Величавое лицо Ричарда сделалось обиженным.
— Надоел? Смеешься! Для простых людей, ну… военных всяких, трудящихся… «старый» значит «хороший»! Даже если это, ха-ха, и неправда! Классика — это высшая проба! Нашего брата кормит! Веками! Тем более когда классику осмысляют по-современному. — Ричард Пушкин самодовольно приосанился. — А людей в зале мало потому, что у них, у звездолетчиков этих, — Ричард перешел на полушепот, — наступление!
— Наступление?
— Решительное! Но, — тут Ричард Пушкин воздел палец в потолок, — это военная тайна. Считай, что я тебе ничего не говорил!
— Ну…
Таня задумалась. «Если то, что он сказал, — правда, это многое объясняет. Теперь понятно, отчего все такие скованные, скупые на улыбки. Ведь где-то там гибнут люди! Тысячи людей! Или даже десятки тысяч!»
— Может быть, в эти минуты решается наша судьба! — подхватил Ричард Пушкин. — Наша с тобой, Танька! И нашего Отечества!
Таня кивнула. Ей показалось, что режиссер немного переигрывает. По крайней мере для человека, по-настоящему озабоченного обстановкой на фронте, он изъяснялся слишком выспренно.
Ричард Пушкин налил ей еще пива.
Засахаренные ананасы кончились.
Третье действие — тоже.
К буфетной стойке подошла… одетая в бордовое велюровое платье до пят медсестра Галина Марковна. На ее массивной груди поблескивало ожерелье из фальшивого жемчуга. Таню она, конечно, не узнала.

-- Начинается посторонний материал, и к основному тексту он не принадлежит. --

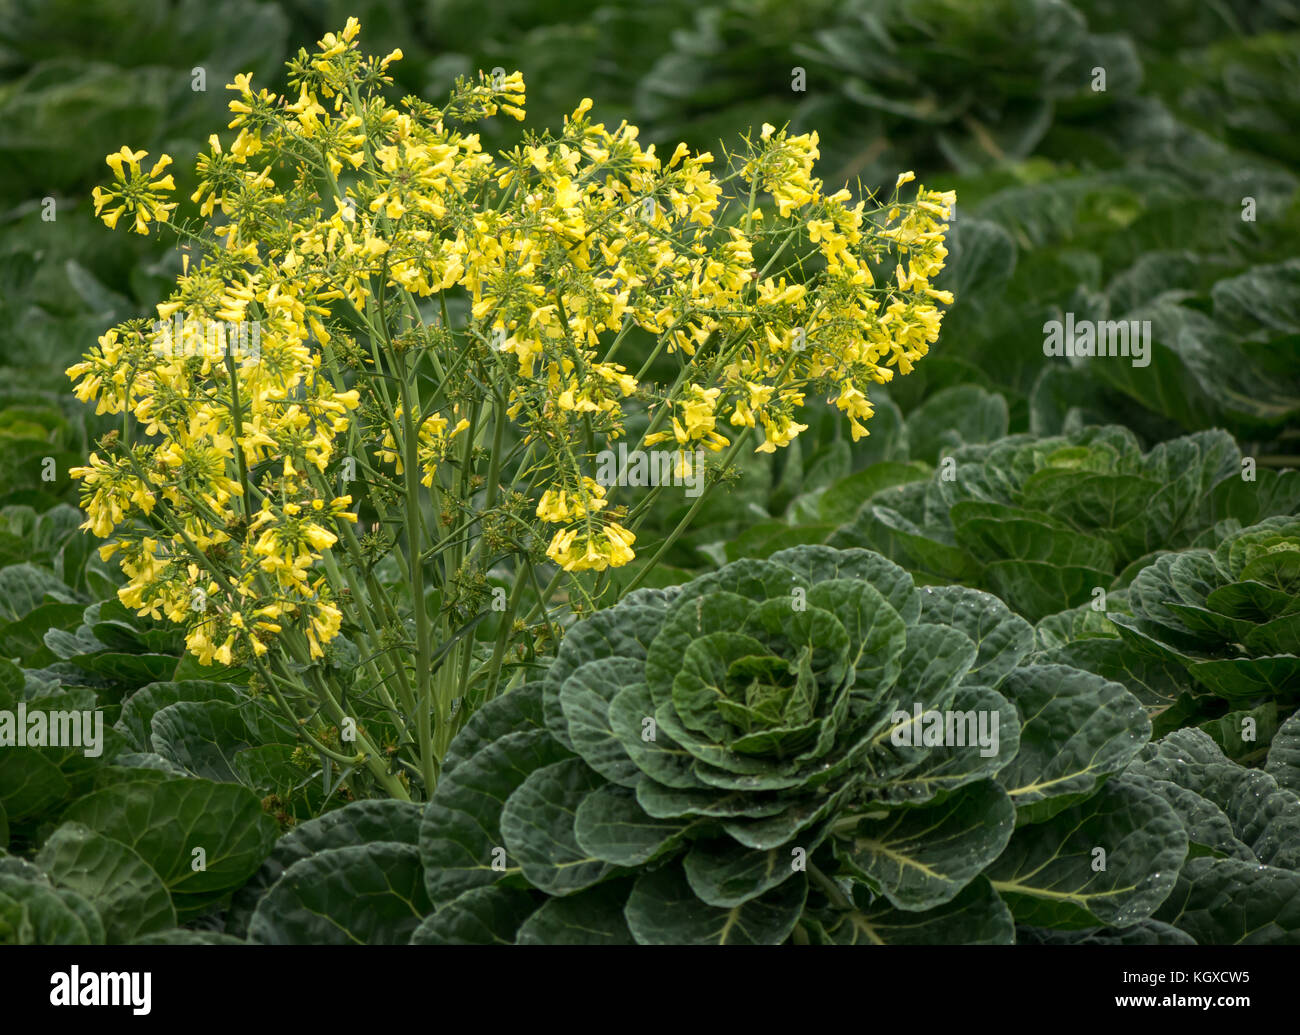 Nahaufnahme von Rosenkohl Pflanze, Brassica oleracea, wachsen im Getreidefeld mit gelb blühenden Unkraut, East Lothian, Schottland, Großbritannien Stockfoto

— А вот еще одна тайна! Хочешь? — Ричард Пушкин дернул Таню за рукав джинсовой куртки и, не дожидаясь ее реакции, продолжил: — Если все будет хорошо… Если наши выстоят… В общем, восемнадцатого числа мы снова даем «С легким паром!». И, я тебя уверяю, на этот раз зал будет полон! Полон, Танька! Полон!
— Но мне едва ли во второй раз дадут бесплатные билеты, — промямлила Таня.
— Мелочи! Тебе ли теперь, после знакомства со мной, Ричардом Пушкиным, думать о билетах?! Вот, держи! — Режиссер извлек из внутреннего кармана кашемирового пиджака распухший от мелких купюр кожаный бумажник, выудил из него серебристо-черную карточку с магнитным окошком и протянул ее Тане.
— Что это?
— Пропуск! С ним можно даже за кулисы! Даже в женскую душевую! — Ричард Пушкин хохотнул, как показалось Тане, похабно. — Покажешь на входе эту штуку — и зеленая улица! Никакие билеты не нужны!
— Спасибо…
— Да это ерунда! Никаких спасибо! За что? Вот я тебя бы еще в массовке попробовал, Танька! Такие красавицы, как ты… У-у! Какой профиль, какие глаза… Люди должны это видеть! Здесь главное начать… А дальше — горизонты! Слава! Деньги! Восхищенные взгляды! В обшем, попробоваться надо! Как думаешь?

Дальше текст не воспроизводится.